# Problems with a DW 716 chop saW



## JFPNCM (Dec 13, 2009)

I bought the DW716 new in late 2013 and within a year it began leaking oil around the blade housing on the right side. This was an in warranty repair at the DW shop and the saw continued to perform very satisfactorily. That brings me to today, 2 years later, when I noticed the same area was once again coated with oily sawdust. Fortunately, this time it was not leaking enough to stain any wood but the dust build up was obvious. So, it's back in the shop today.

My question, has anyone on the forum had any similar problems with a DW716 or am I one of the unfortunates here? :frown:


----------



## Stick486 (Jan 4, 2013)

how much do you use the saw..


----------



## JFPNCM (Dec 13, 2009)

Stick486 said:


> how much do you use the saw..


It's used intermittently based on the project and may sit idle for a week at a time. The heaviest use was on the turtle project and that was on KD fir so not really taxing cuts. No compound cuts have been made. 

The main use is to cut pieces (maple, oak, cherry, walnut etc) to proximal length which are then finished on the TS. 

The blade is sharp, clean and true to the table.


----------



## Stick486 (Jan 4, 2013)

let's dig a bit...

what blade (specifically) are you using and what size...


----------



## JFPNCM (Dec 13, 2009)

A 12" 80 tooth DW blade. I swapped the original blade out the day I bought it.


----------



## Stick486 (Jan 4, 2013)

what is the grind...
blade ID...


----------



## JFPNCM (Dec 13, 2009)

It's an old model that is no longer available but as I recall it's an 80 tooth fine cross cut blade, carbide tipped. 

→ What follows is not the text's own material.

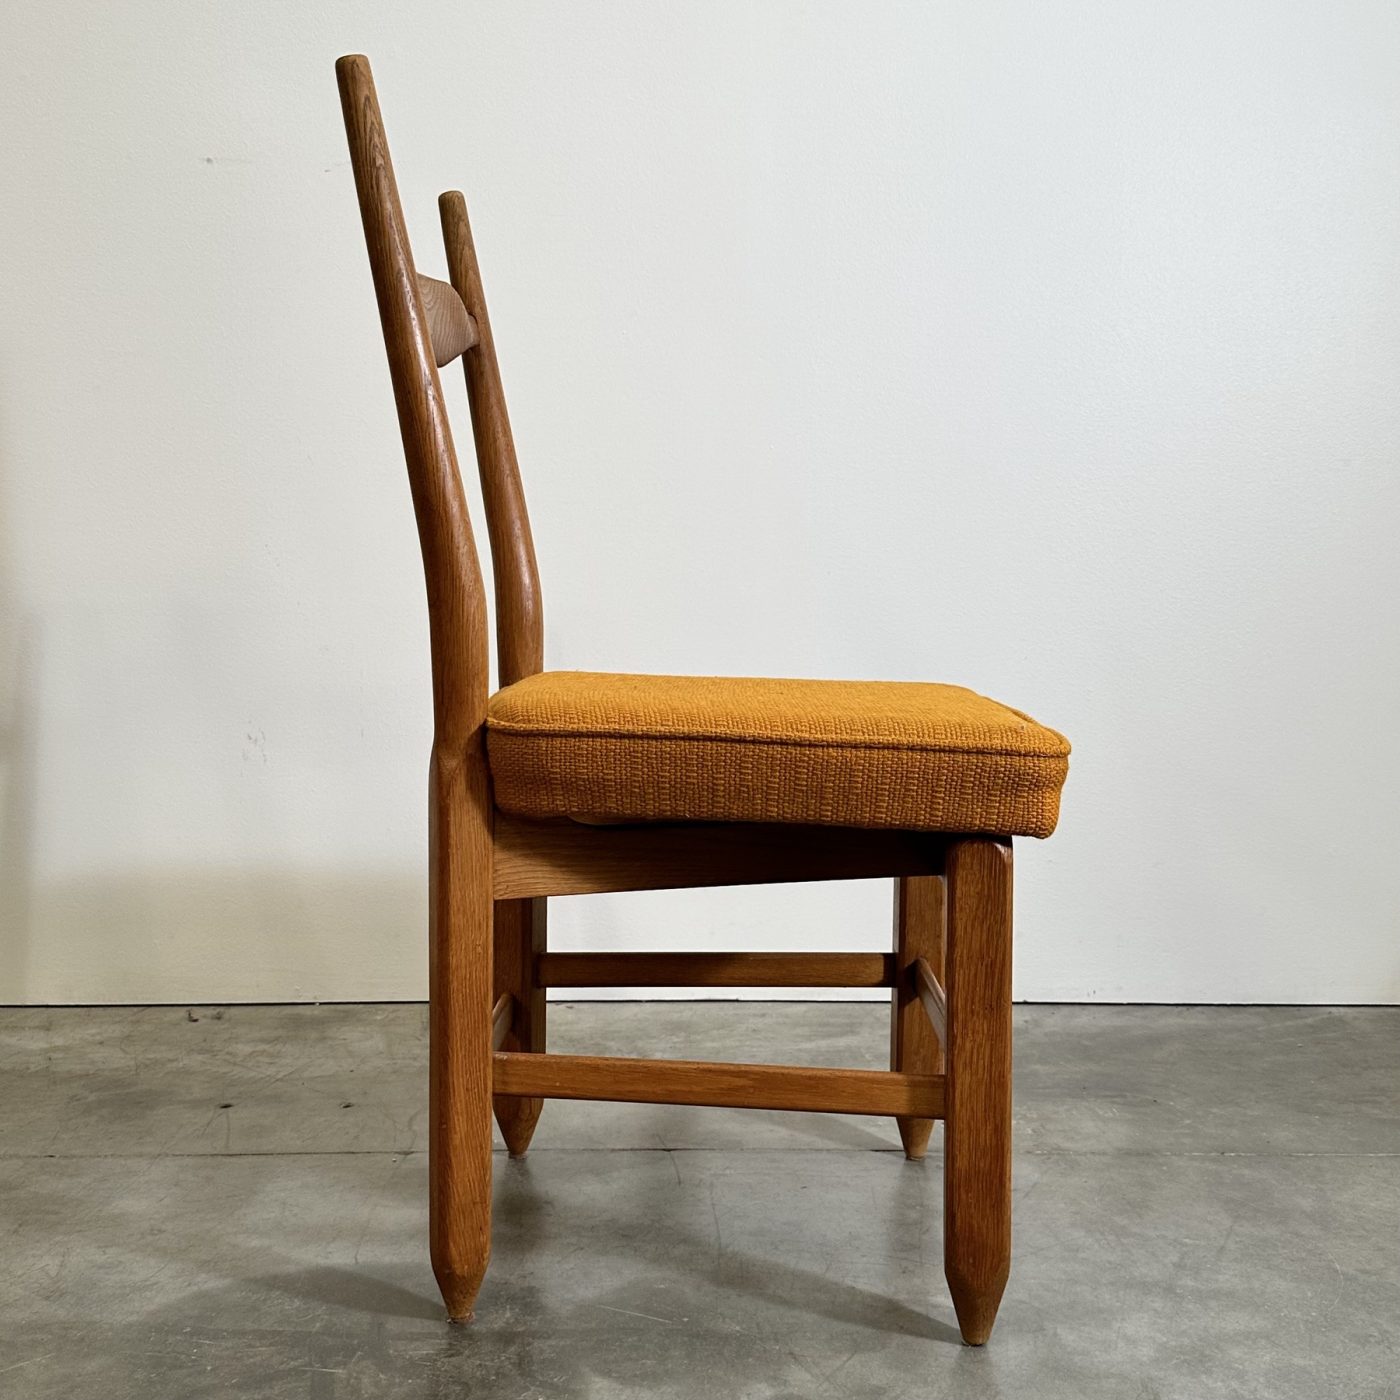 objet-vagabond-guillerme-chairs0002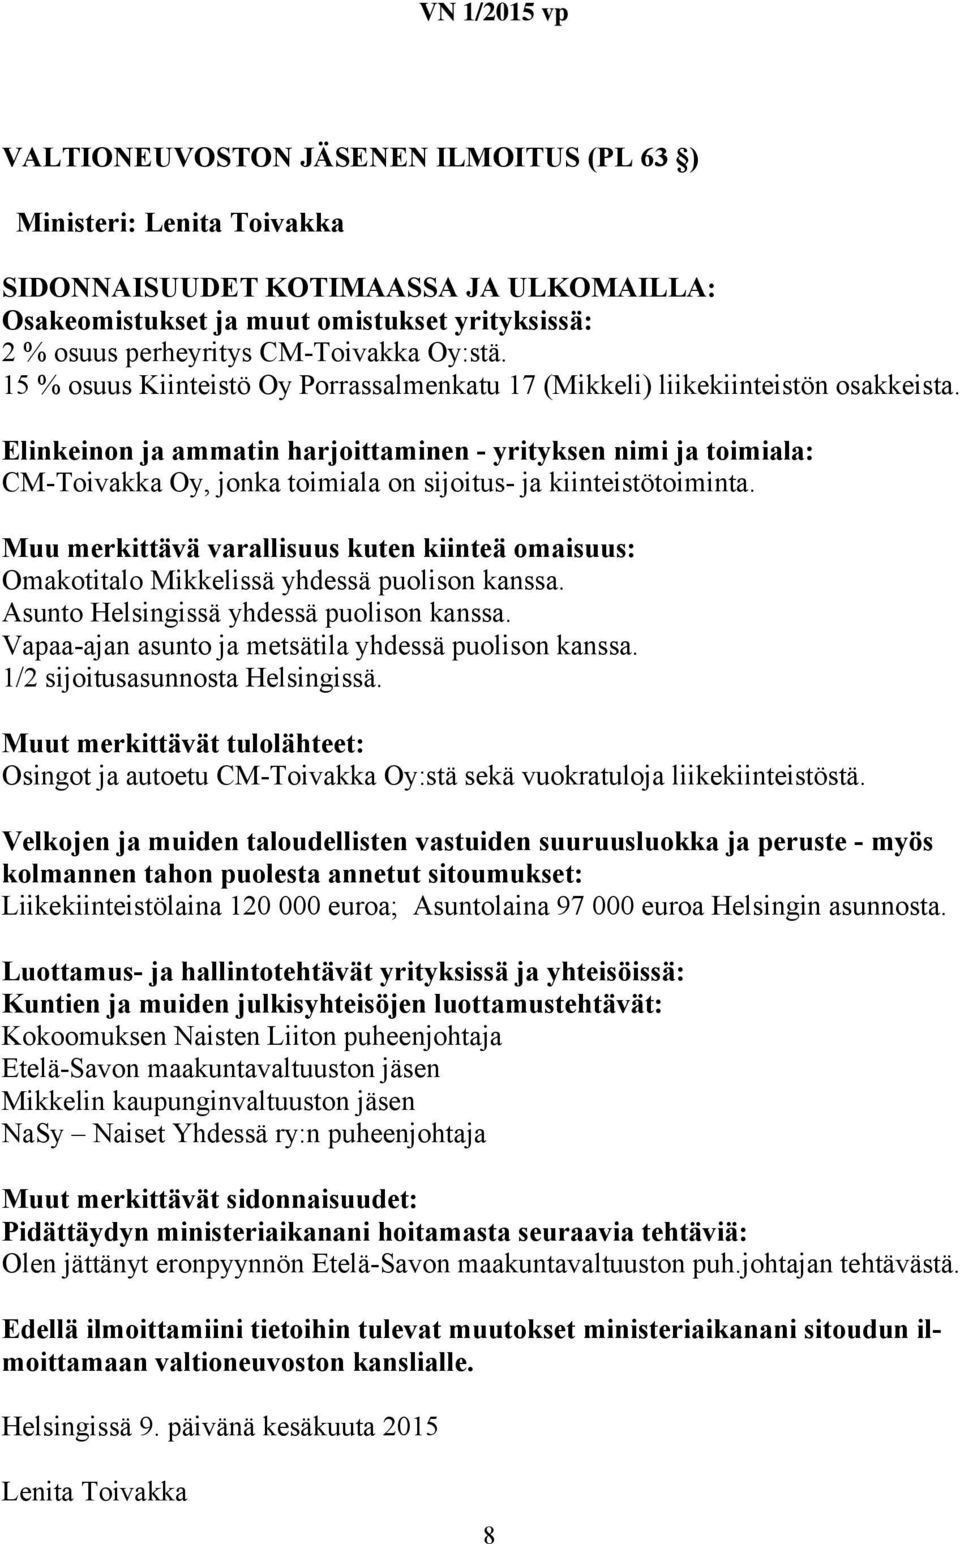 Vapaa-ajan asunto ja metsätila yhdessä puolison kanssa. 1/2 sijoitusasunnosta Helsingissä. Osingot ja autoetu CM-Toivakka Oy:stä sekä vuokratuloja liikekiinteistöstä.

When I dropped off the saw I asked the DW shop if they thought the blade might be contributing to the problem and their response was "highly unlikely".


----------



## Stick486 (Jan 4, 2013)

okay...


----------



## JFPNCM (Dec 13, 2009)

Appreciate the discussion. i'll post the end result, hopefully in 3-4 weeks as that's their backlog on repairs.


----------